Crumb: Those ignorant fools (laughing).

Alex:
So, it's a continuation of the same old theme for you. But were you then in the process of trying to draw that and communicate your disdain for the ignorance of the people? Were you just starting to express that in your comics?

Crumb: I don't know. I'd have to think about that. At the time I was doing those comics, I was writing a lot in my journals and diaries and sketchbooks about the social situation and trying to sort it out. And part of it was that living in the world of average people there in the Central Valley, I witnessed the fairly obvious reality of the corporate takeover as it advanced day by day. And the painful, vexatious way that this was just accepted -- embraced even by most people. One feels contempt on one hand and compassion on the other, at the same time. It's complicated. They're complicated feelings.
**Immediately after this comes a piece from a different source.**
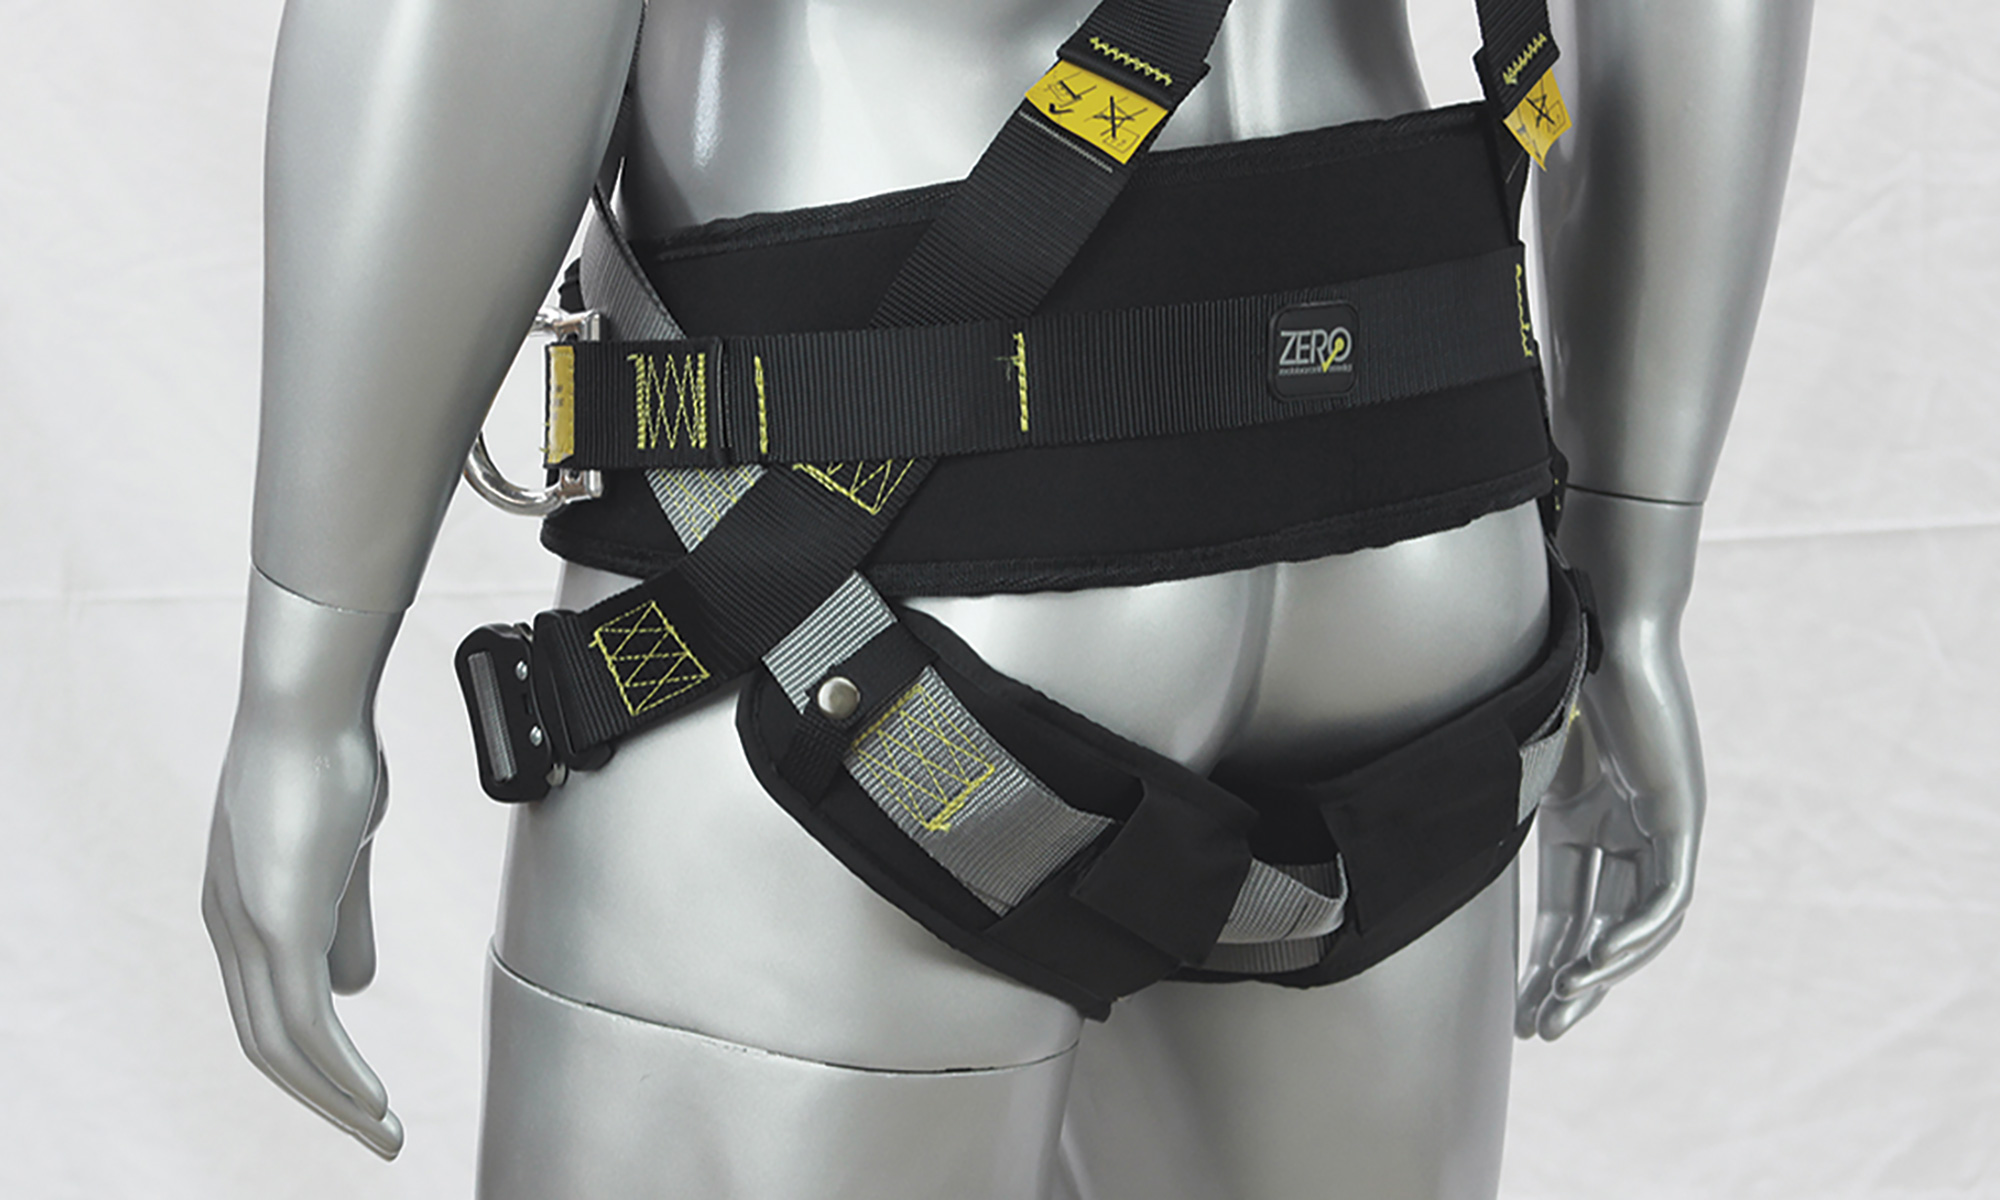 ZERO Z+52 Tradesman Harness with Positioning belt

I was still a very strong believer in socialism at that time. That belief has eroded over the years. Now I don't know that any "ism" is going to solve our problems. But at that time, it was very disillusioning to see America moving away from socialism rather than towards it. It was alienating and depressing. But, you know, that's the kind of guy I am.

Alex: Let's talk about the blond character in Modern World Funnies on the back cover. Why didn't you draw his fingers? You just wanted to make him angular and modern looking? More robotic and less human?

Crumb: (laughing) I've got the comic right here in front of me. That guy is barely human. It's questionable whether he's a human being or not. He might just be some kind of a robot or hologram or something. He's got a slick kind of pitch. He sounds like a reasonable person, but he's just trying to lure you back into the herd. (laughing) And at the end, the yellow guy says, "I'm afraid I really can't help you." (laughing). I'm just resisting too much. I don't want their so-called "help."